This sovereignty is a spiritual notion: the ancestral tie between the land, or 'mother nature', and the Aboriginal and Torres Strait Islander peoples who were born therefrom, remain attached thereto, and must one day return thither to be united with our ancestors. This link is the basis of the ownership of the soil, or better, of sovereignty. It has never been ceded or extinguished, and co-exists with the sovereignty of the Crown.

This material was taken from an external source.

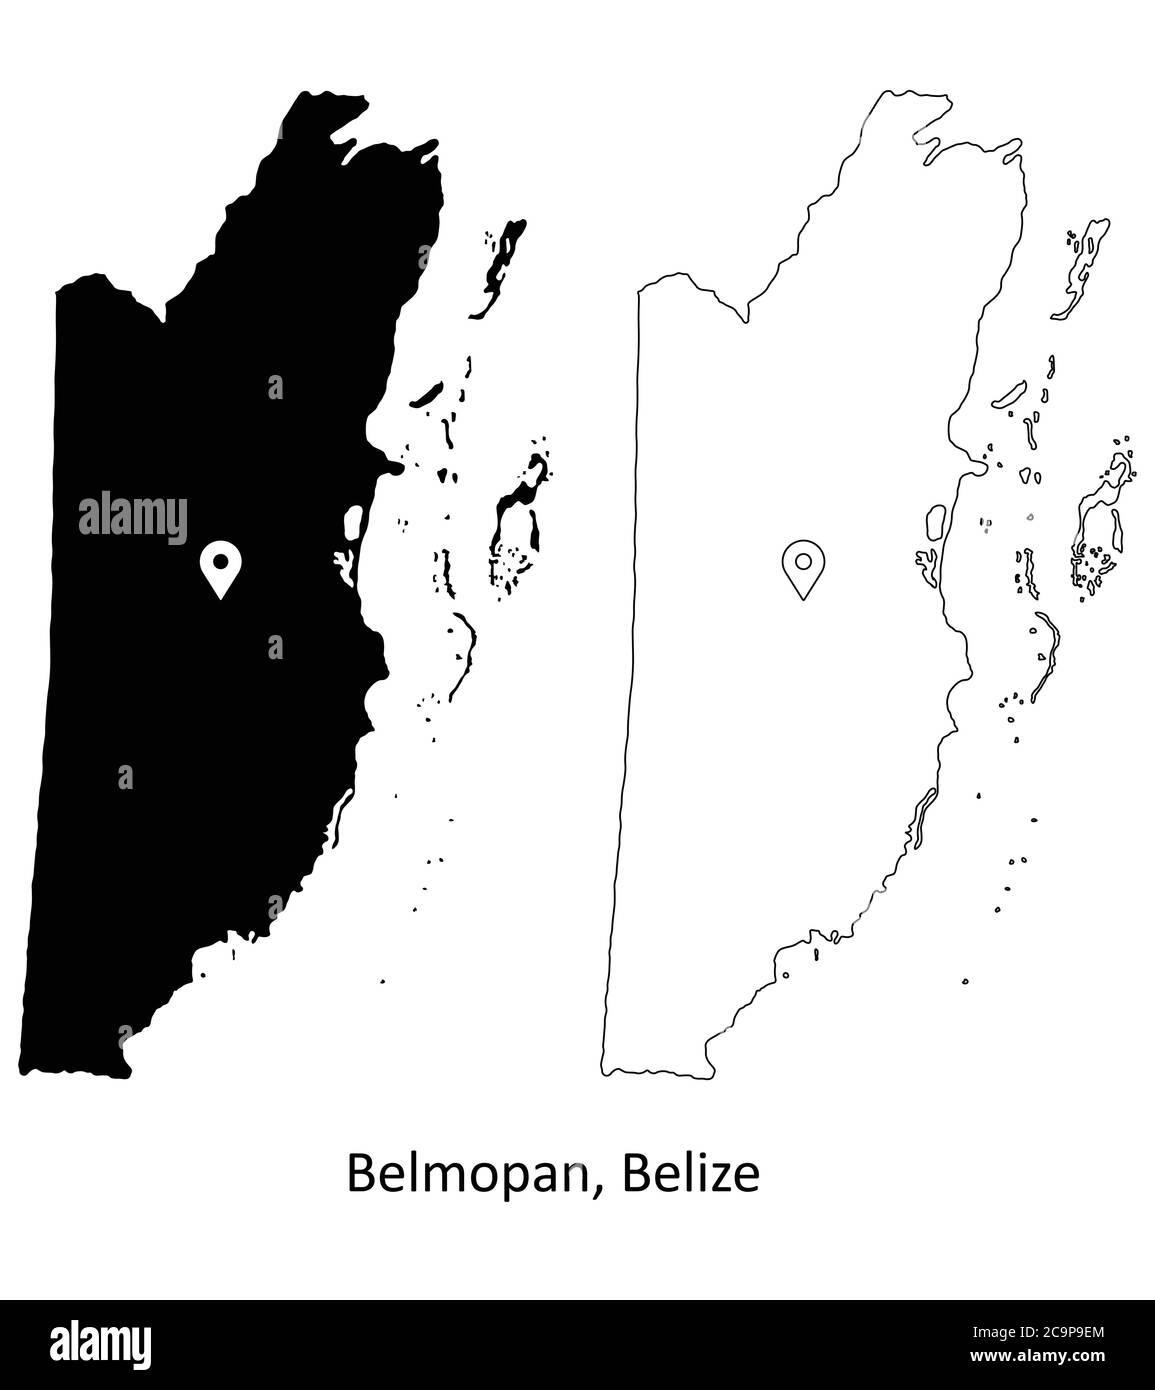 Belmopan Belize. Carte détaillée du pays avec broche d'emplacement sur Capital City. Cartes silhouettes et vectorielles noires isolées sur fond blanc. Vecteur EPS Illustration de Vecteur

How could it be otherwise? That peoples possessed a land for sixty millennia and this sacred link disappears from world history in merely the last two hundred years?

With substantive constitutional change and structural reform, we believe this ancient sovereignty can shine through as a fuller expression of Australia’s nationhood.

Proportionally, we are the most incarcerated people on the planet. We are not an innately criminal people. Our children are aliened from their families at unprecedented rates. This cannot be because we have no love for them. And our youth languish in detention in obscene numbers. They should be our hope for the future.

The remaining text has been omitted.